Difference between revisions of "RAL Tier1 weekly operations castor 26/10/2009"
From GridPP Wiki
Matt viljoen (Talk | contribs) |
(No difference)
|
Latest revision as of 15:40, 2 November 2009
Contents
Summary of Previous Week
- Building Quattor templates for preprod (Richard)
- Deployment+draining training for Alistair (Brian)
- Established locations for ATLAS disk deployment (Brian)
- SRM debugging of disk copy problem - fix in 2.1.8-2 (Shaun)
- Developed DB fix to allow checksumming to work on 2.1.7 (Shaun)
- Deployed new disk servers for LHCb,ATLAS,CMS (Chris)
- Deployed disk servers to nonprod (Tiju,Richard,Alistair,AndrewL)
- Setting up repack (Chris)
- Attending LTUG (Tim)
- All tape drives now up and running (Tim)
- Testing various combinations of EMC kit versus power supply (Cheney)
- Regen nagios config for diskservers (Cheney)
- Build spare tape robot controller (Cheney)
- Build replacement DB server (Cheney)
- Fixed Nagios callout problem (Cheney)
- CASTOR/Fabric work transfer proposal (All)
- Wrote script to bump up of unique file IDs of files with reused IDs (Matthew)
- Making ATLAS file lists for comparison to LFC (Matthew)
- Disaster Management of recent data-loss (Matthew)
Developments for this week
- SRM 2.8-2 deployment on all instances (Shaun)
- Working on puppet manifest for polymorphic central servers (Chris)
- Setup 2.1.9 on repack server (Chris, Tim)
- Testing Quattor templates on preprod servers (Richard)

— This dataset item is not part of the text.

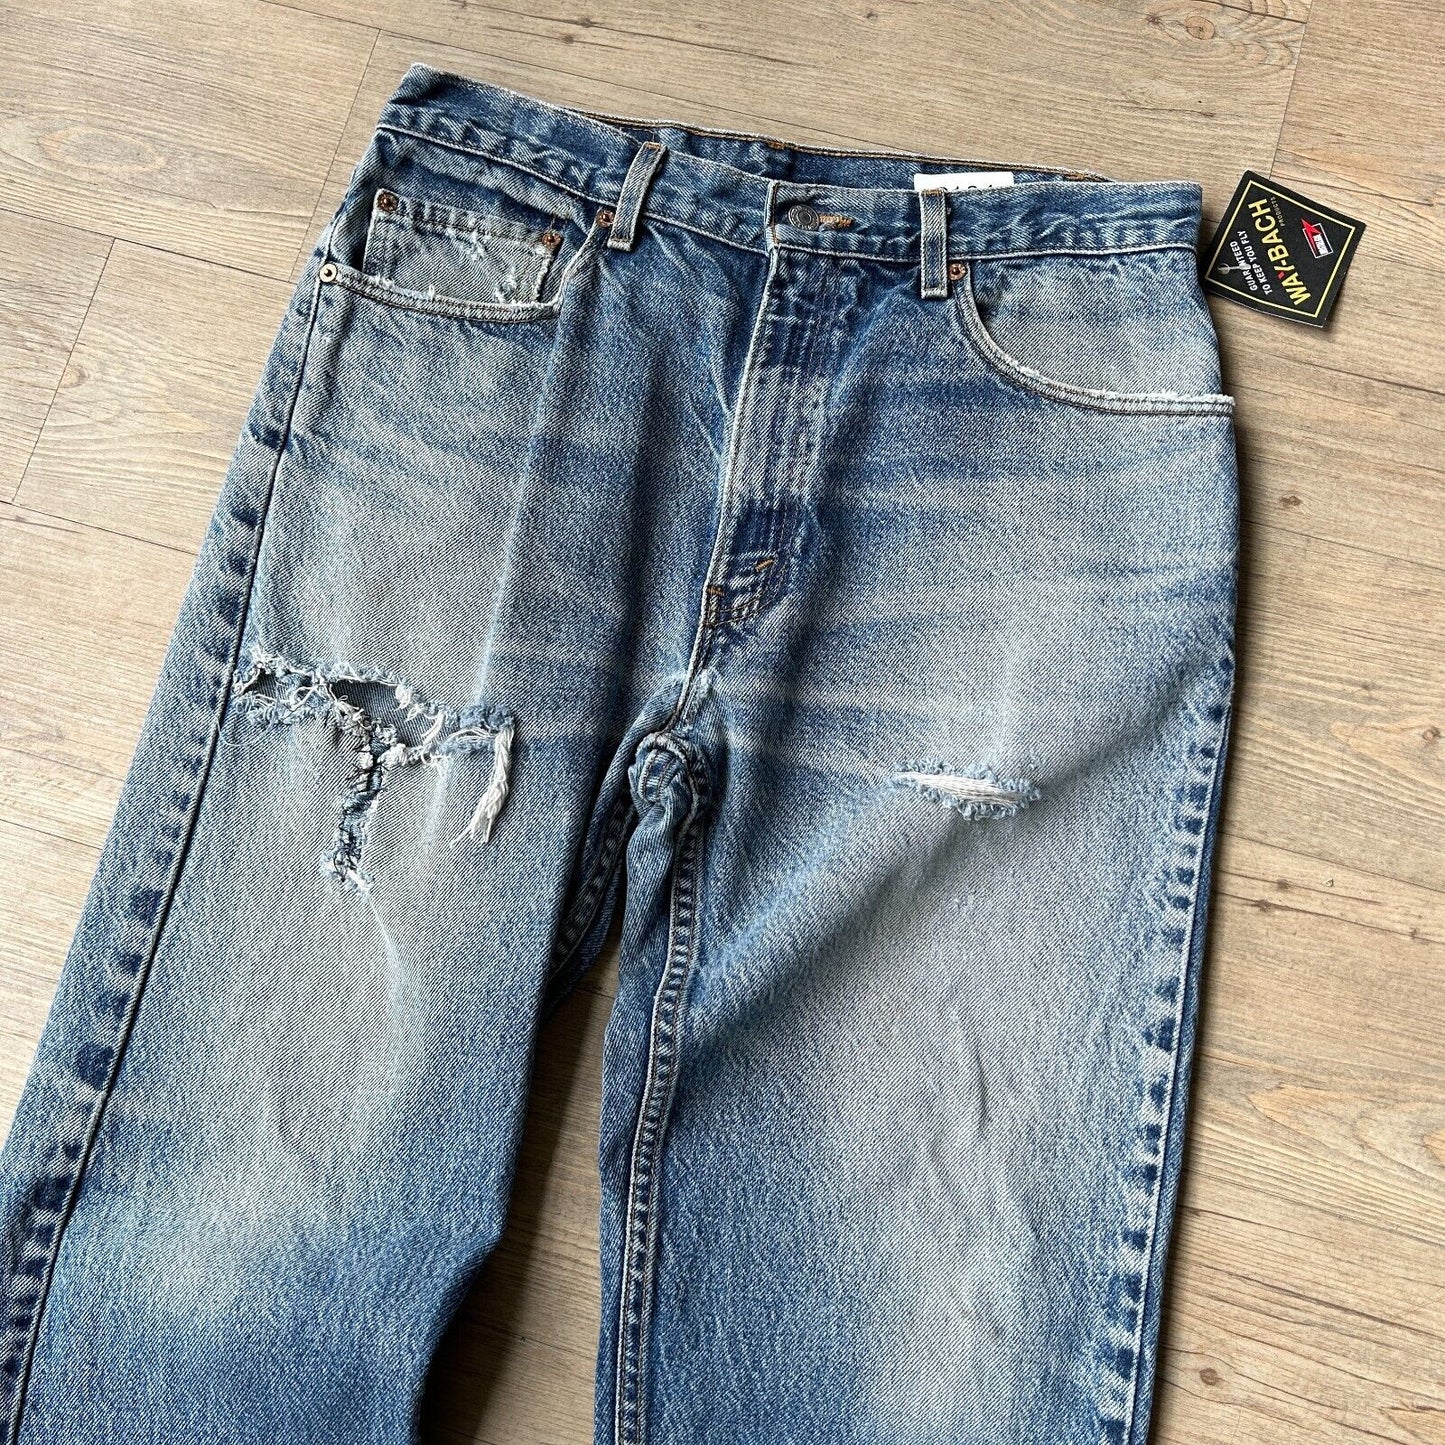 VINTAGE 90s | LEVIS 505 Faded Regular Fit Jeans Pants sz W33 L30 Made In USA

- Techwatch newsletter (Cheney)
- Chasing up strategic objectives (Matthew)
- Reviewing preprod plans (Matthew)
- Disaster Management of recent data-loss (Matthew)
- Deploying 3 new disk servers for repack server (Matthew, Shaun)
Ongoing
- Improving resilience on central servers (Chris, Shaun)
- CastorMon monitoring graphs for Gen instance (Brian)
- Disaster recovery document (Matthew)
Operations Issues
none
Blocking issues
none
Planned, Scheduled and Cancelled Down Times
Entries in/planned to go to GOCDB
Description | Start | End | Type | Affected VO(s) |
---|---|---|---|---|
Upgrade SRM to 2.8-2 | 26/10/09 1000 | 26/10/09 1200 | At Risk | ATLAS and LHCb |
Upgrade SRM to 2.8-2 | 27/10/09 1000 | 27/10/09 1200 | At Risk | CMS and Gen |
Changes to Production Milestones
none
Advanced Planning
- Black and White lists will be tested and introduced on ATLAS
- Install/enable gridftp-internal on Gen (This year)
Staffing
- Cheney away (Thurs)
- Castor on Call person: Shaun